An AI-Assisted Pipeline for Biomedical Literature Review and Genomic Variant Extraction

Overview

LitVarAI is an AI-assisted pipeline for automating major components of a biomedical literature review. It discovers relevant articles, retrieves available full text, extracts article text and figure content, identifies reported genomic variants using a large language model, highlights supporting evidence, and compares extracted variants with ClinVar.

Telomere and telomerase-associated genes are used as a biomedical case study:

CTC1, NAF1, NHP2, NOP10, PARN, POT1, RTEL1, TER/TERC, TERT, TINF2, TPP1/ACD, WRAP53, and ZCCHC8.

Results at a Glance

Overall Pipeline Results

Metric	Result
Target genes	13
ClinVar variant records collected	7,519
ClinVar-linked article records	664
Telomerase Database article records	146
Merged unique article records	730
Articles with available PDFs	617
Articles with successfully extracted text	617
Articles with AI responses	543
AI responses containing at least one variant	342
AI-extracted variant rows	2,181
Unique comparable ClinVar variants	7,517
Unique comparable AI variants	1,329
Provisional common variants	194
Strict protein-concordant common variants	183
Common variants requiring review	11

Article Processing by Gene

Gene	Merged Articles	PDFs Available	Missing PDFs	Text Extracted	AI Responses	AI Responses with Variants
CTC1	60	53	7	53	53	26
NAF1	22	16	6	16	16	4
NHP2	20	14	6	14	14	8
NOP10	13	9	4	9	9	5
PARN	55	46	9	46	46	20
POT1	83	70	13	70	0	0
RTEL1	102	83	19	83	82	53
TER	1	1	0	1	1	1
TERT	246	217	29	217	214	166
TINF2	59	51	8	51	51	35
TPP1	32	28	4	28	28	12
WRAP53	23	19	4	19	19	9
ZCCHC8	14	10	4	10	10	3
Total	730	617	113	617	543	342

Audited Variant Mapping by Gene

Gene	ClinVar Variants	AI Variants	Provisional Common	Strict Common	Review Needed	ClinVar Only	AI Only
CTC1	732	121	14	14	0	718	107
NAF1	191	27	1	1	0	190	26
NHP2	98	37	4	4	0	94	33
NOP10	32	5	4	4	0	28	1
PARN	401	106	11	11	0	390	95
POT1	1,267	0	0	0	0	1,267	0
RTEL1	1,842	292	26	23	3	1,816	266
TER	0	0	0	0	0	0	0
TERT	1,563	594	111	107	4	1,452	483
TINF2	304	75	19	16	3	285	56
TPP1	549	43	1	1	0	548	42
WRAP53	260	25	2	2	0	258	23
ZCCHC8	278	4	1	0	1	277	3
Total	7,517	1,329	194	183	11	7,323	1,135

Review Needed combines common variants with partial protein evidence and common variants with conflicting protein changes.
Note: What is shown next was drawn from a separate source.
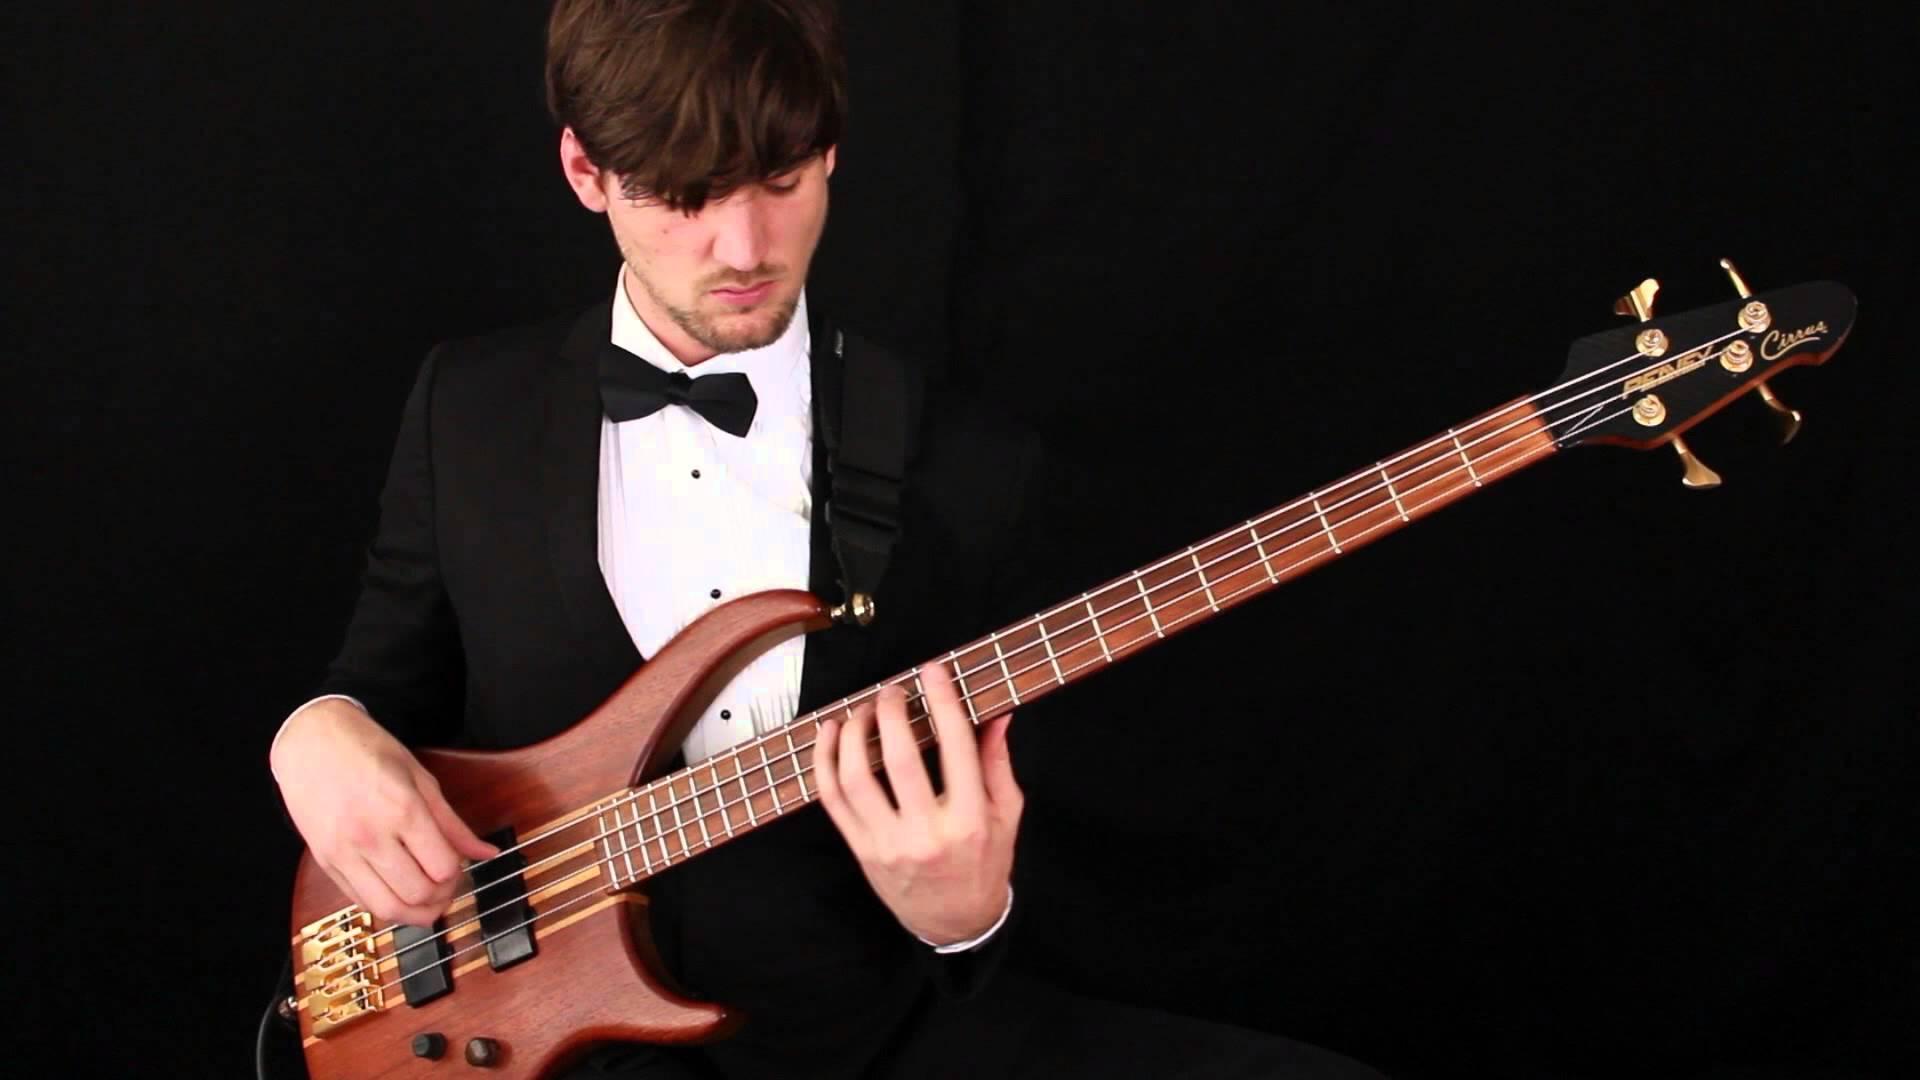 Tips for bass guitarists   Blog   Christofmusic.com

Detailed and reproducible results are available in pipeline_statistics/, particularly table_09_gene_level_mapping_summary.csv and table_01_all_clinvar_ai_common_variants.csv.

Research Objectives

LitVarAI was developed to investigate whether an automated workflow can:

Construct a targeted biomedical literature corpus from multiple databases.
Convert full-text articles and figures into machine-readable evidence.
Extract structured variant and clinical information using an AI model.
Link each extracted variant to supporting evidence from its source article.
Compare literature-extracted variants with an established reference database.
Generate transparent, auditable tables for manual review and publication.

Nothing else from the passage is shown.